The Superhero Reader
Page 14
But what is “escape”? If it means a temporary psychological and intellectual disengagement from the tensions and problems of “real” life, the type of entertainment referred to above will not serve. For “pop romance” (a term that will be used throughout this paper to designate television programs, films, and comic strips in the adventure category) is typically replete with tensions and problems, and those not usually very far removed from present reality. A few years ago it might have been argued that the frequent threats and acts of violence to be found in pop romance made the genre escapist by virtue of sheer hyperbole, but our growing awareness of how violent our reality actually is weakens that case.
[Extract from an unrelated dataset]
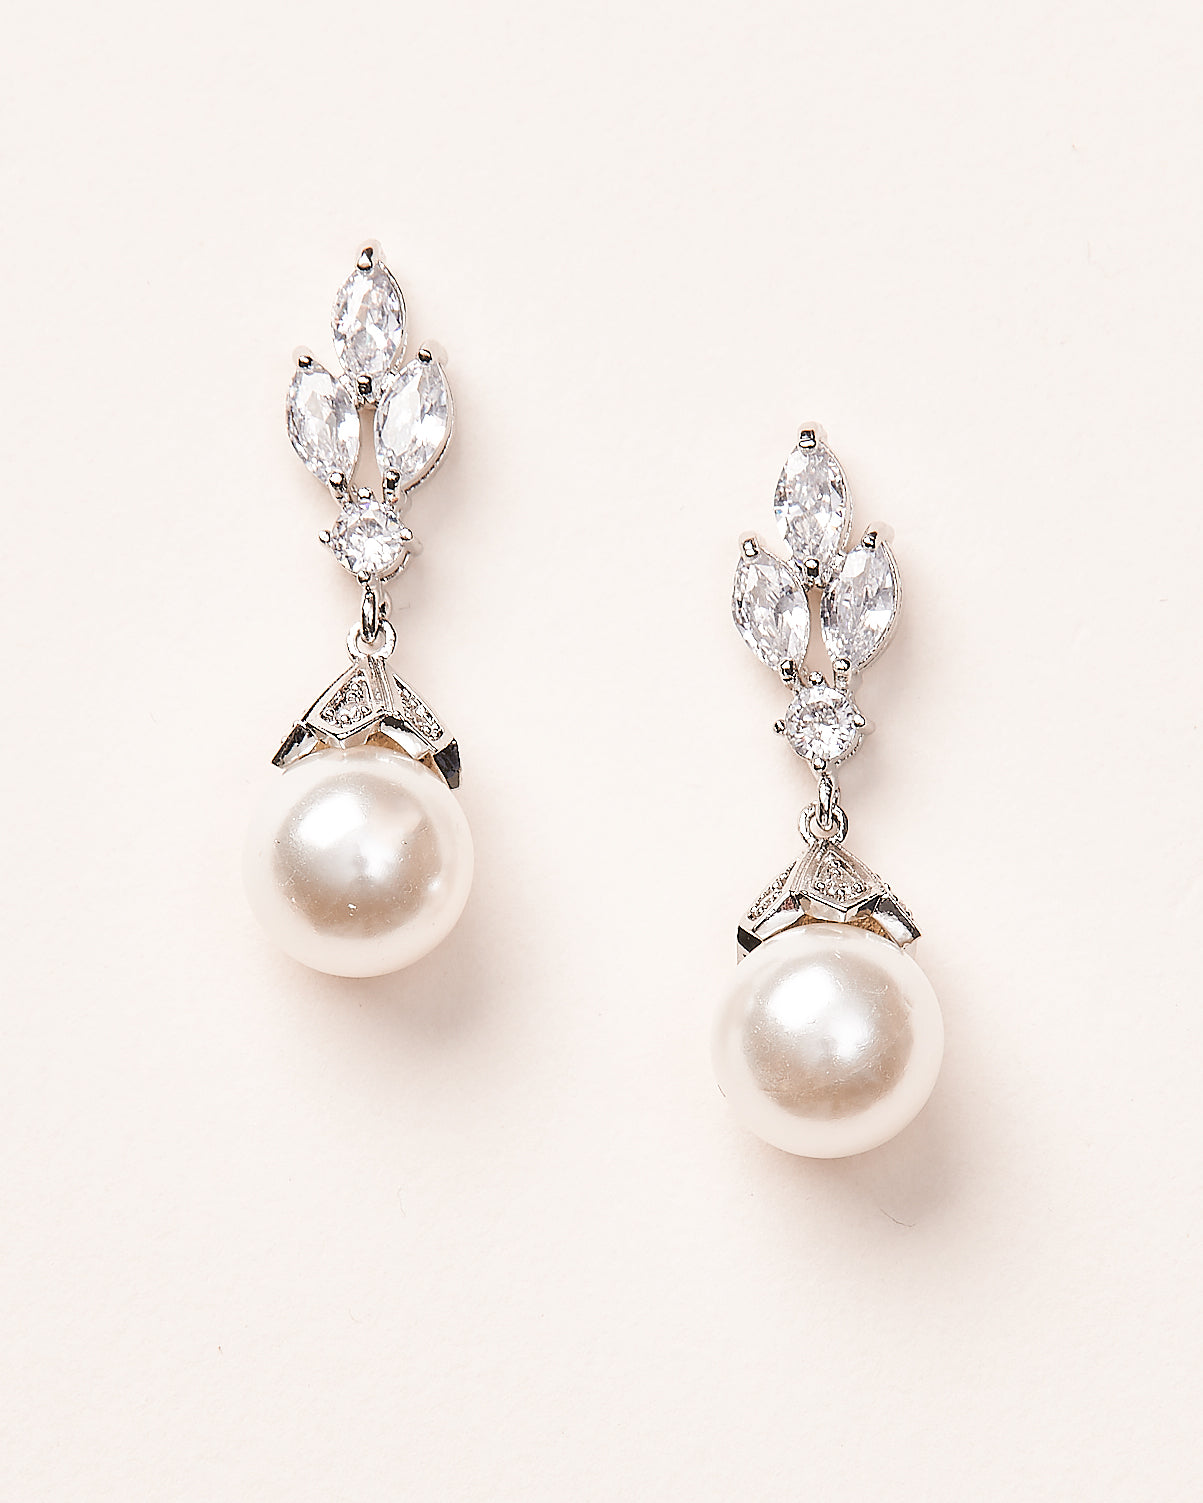 Wedding Earrings | Rosegold Wedding Earrings | Millieicaro - Style E08

It might better be argued that the “escapism” of pop romance resides paradoxically in the security it generates: we know, deep down in our hearts, that Batman will not be turned into a human shish kabob by “The Joker,” that Steve Canyon will in the end foil the attempt of the Chinese Reds to defoliate Central Park. If this argument has some validity, it follows that the “escapism” provided by pop romance involves not only emotional catharsis, the purgation of pity and fear, but also what might be called “value satisfaction,” that confirmation or reaffirmation of our value system which results from our seeing this value system threatened, but ultimately triumphant. For at least one of the things that happens when a hero like Batman or Steve Canyon wins out in the end—and not the least important thing—is that we experience at some level the defeat of Evil (as we imagine it) by the Good (as we have learned it). Even though we consciously are aware that such victories do not always occur in reality, there is a part of us which very much wants them to occur. We are of course unwilling to have such victories take place too easily, as the epic poets well realized, for an easy victory not only lacks dramatic force but paradoxically cheapens the value system the victory is to affirm by making it almost irrelevant.
“Escapism” then, connoting a retreat to a state of mindlessness or euphoria, may well be the wrong term to use to justify or to attack anyone’s involvement in pop romance. Though adventure films, television programs, and comic strips (Cahiers du Cinema and Roy Lichtenstein notwithstanding) may be only pseudo- or semi-art, they need not be more “escapist” than “true” art. Or, as W. R. Robinson claims in his defense of films, “escape” (into the higher reality of moral truth) can be seen as a function of all forms of art:
The most persistent and unjust criticism leveled at the movies has been that they are sui generis “escapist.” But this critical term, the nastiest epithet conceivable within a very narrow-minded aesthetic of truth which sprung up alongside realism, absurdly distorts our sense of what art is or should be. It implies that only an art as grim and dour as the realist thought life to be under the aegis of materialism can qualify as serious aesthetic achievement. … Yet even in the dourest realistic view truth is a human triumph; through it man transcends suffering and determinism. Nikolai Berdyaev saw this clearly when he argued that all art is a victory over heaviness. It is always escape.1
Even popular art forms, Robinson continues, “are a part of man’s intellectual armament in this war to liberate himself from heaviness …,” for “by incarnating the Good, a spiritual entity, in a concrete form, art frees it to be.”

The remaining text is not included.